El ejercicio físico aporta beneficios inmediatos y sostenidos. “El ejercicio libera endorfinas. Las endorfinas son la hormona del bienestar”, afirma Bruno, citada por la Cleveland Clinic. Actividades como correr, andar en bicicleta, nadar, pasear al perro o sumar caminatas incrementan la motivación y contribuyen a mantener estables los niveles de glucosa. La actividad física regular también mejora la sensibilidad a la insulina y fortalece el sistema cardiovascular.

6. Conexiones sociales

El acompañamiento social resulta clave en el autocuidado. Contar con familiares, amigos o participar en grupos de apoyo para personas con diabetes proporciona contención emocional y herramientas para afrontar la ansiedad o la sobrecarga. En casos de tensión anímica elevada, la intervención de un especialista en salud mental puede aportar estrategias adicionales para superar los desafíos cotidianos y fortalecer la resiliencia.

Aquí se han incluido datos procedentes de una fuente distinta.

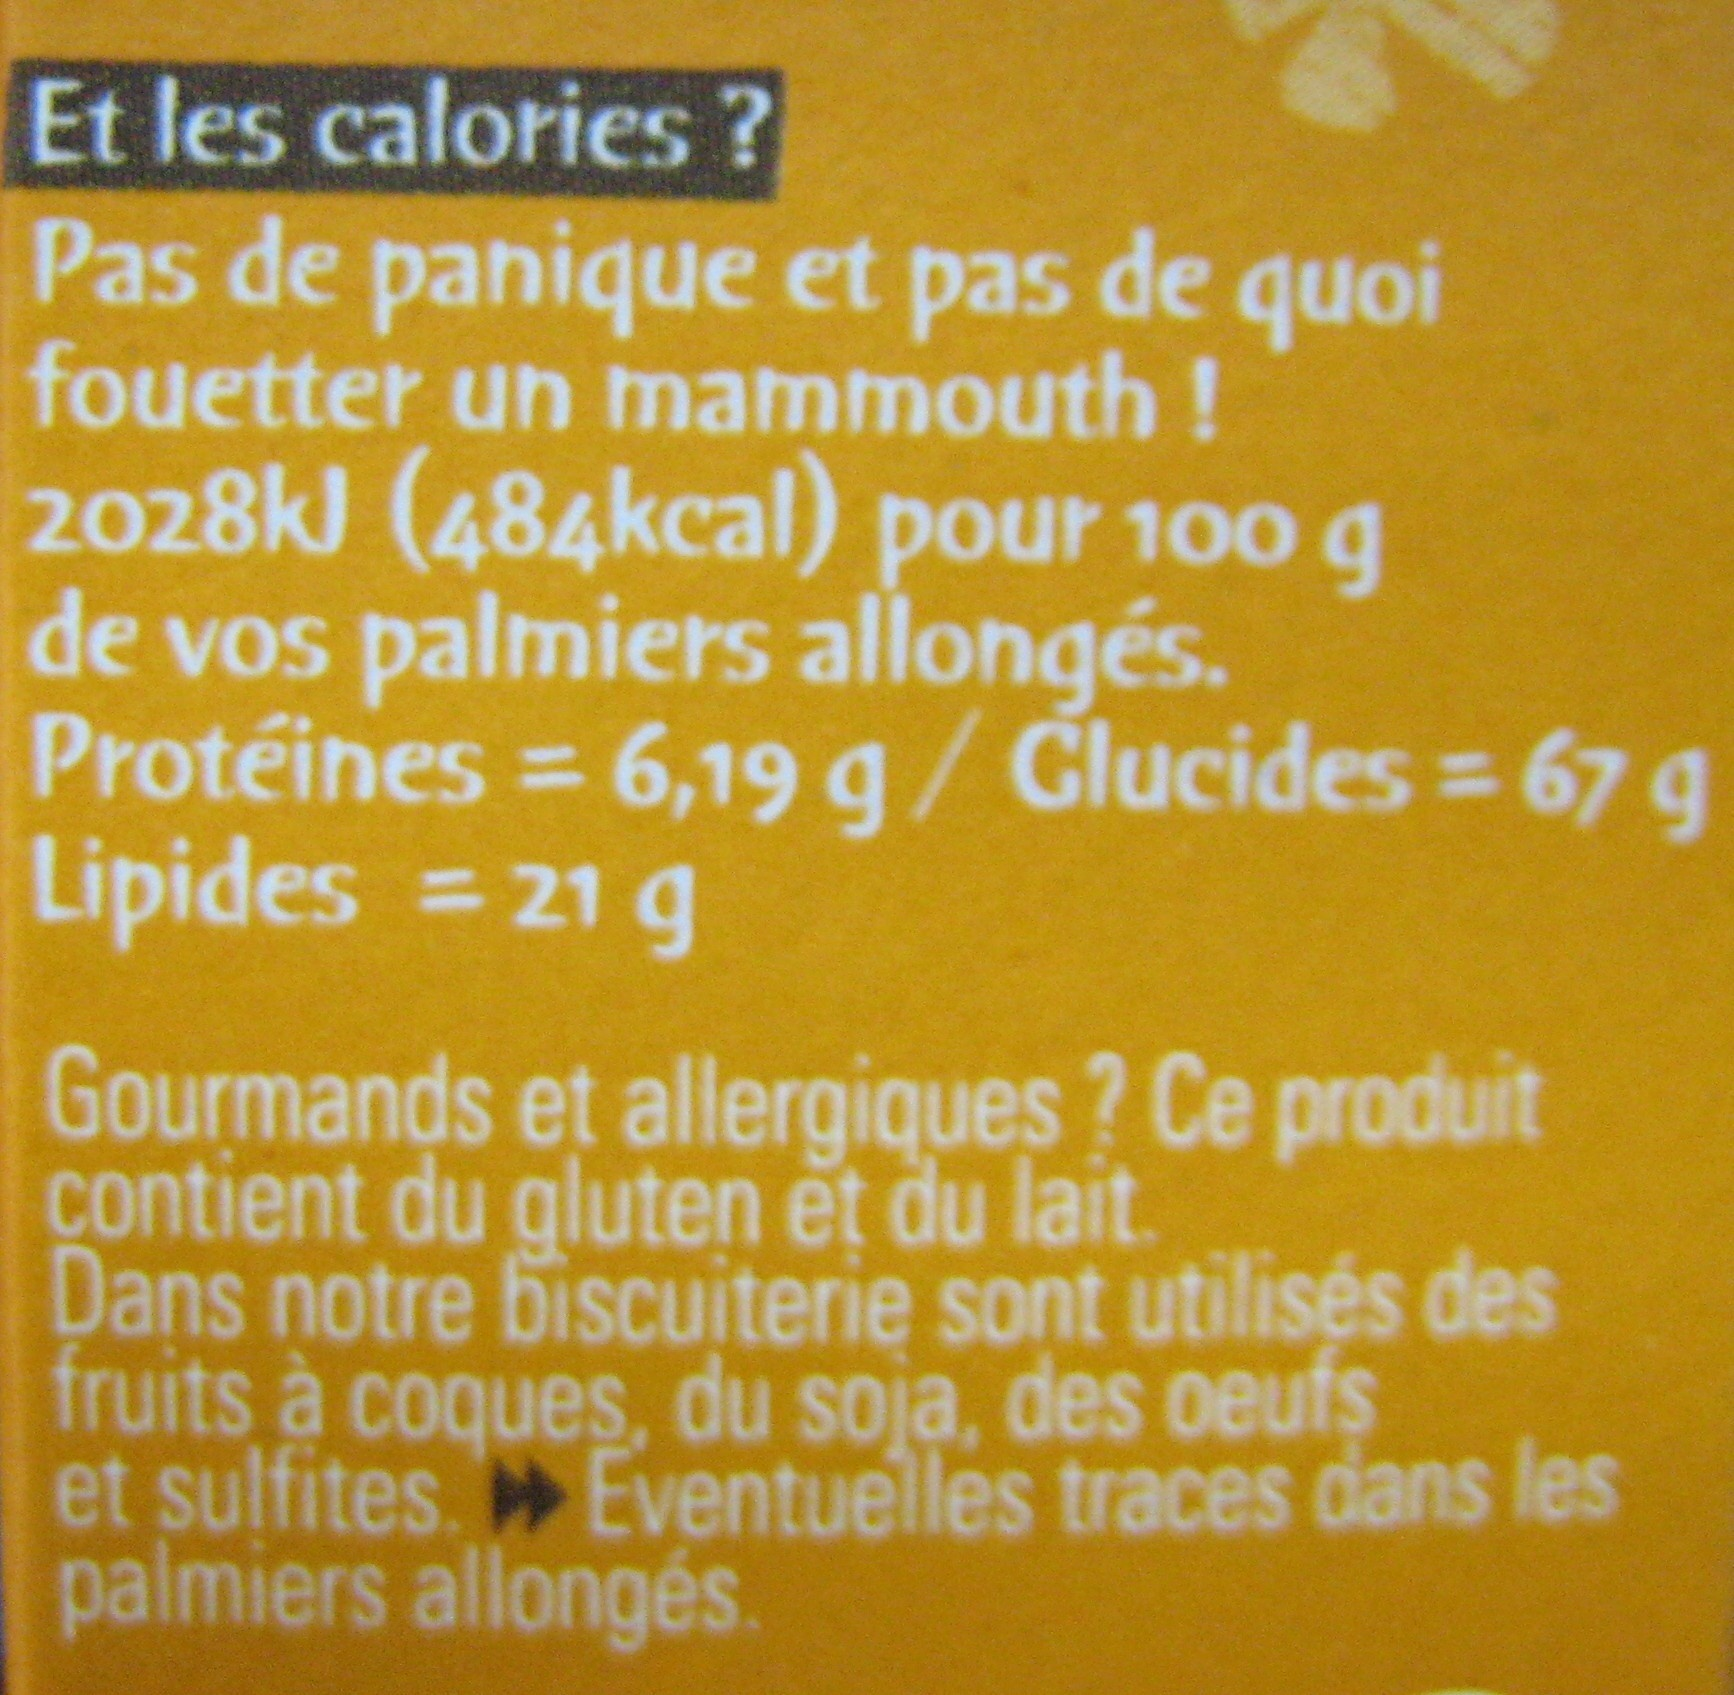 Palmiers allongés au sucre un peu caramélisé Michel et Augustin - Informations nutritionnelles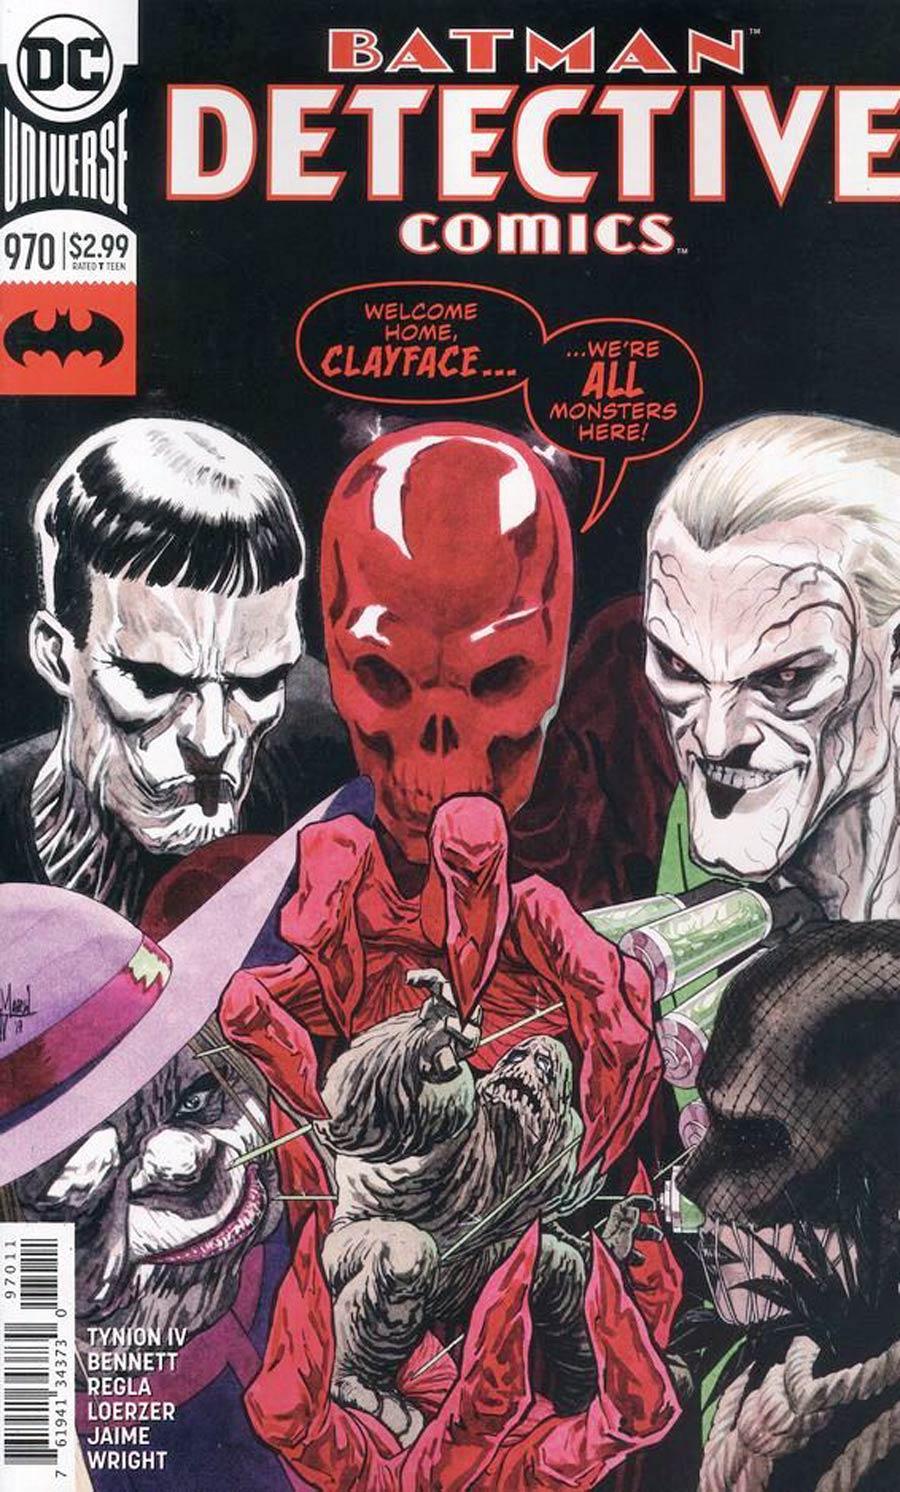 Detective Comics Vol 2 #970 Cover A Regular Guillem March Cover

7. Seguimiento médico organizado

El seguimiento profesional es indispensable para la prevención y el tratamiento oportuno de la diabetes tipo 2. Organizar las citas médicas, mantener actualizado el registro de medicamentos y resultados de exámenes, así como preparar preguntas para cada consulta, permite anticipar posibles complicaciones y optimizar el manejo de la enfermedad. El uso de aplicaciones de calendario y herramientas digitales facilita la gestión y ayuda a evitar descuidos relevantes, de acuerdo con la Cleveland Clinic.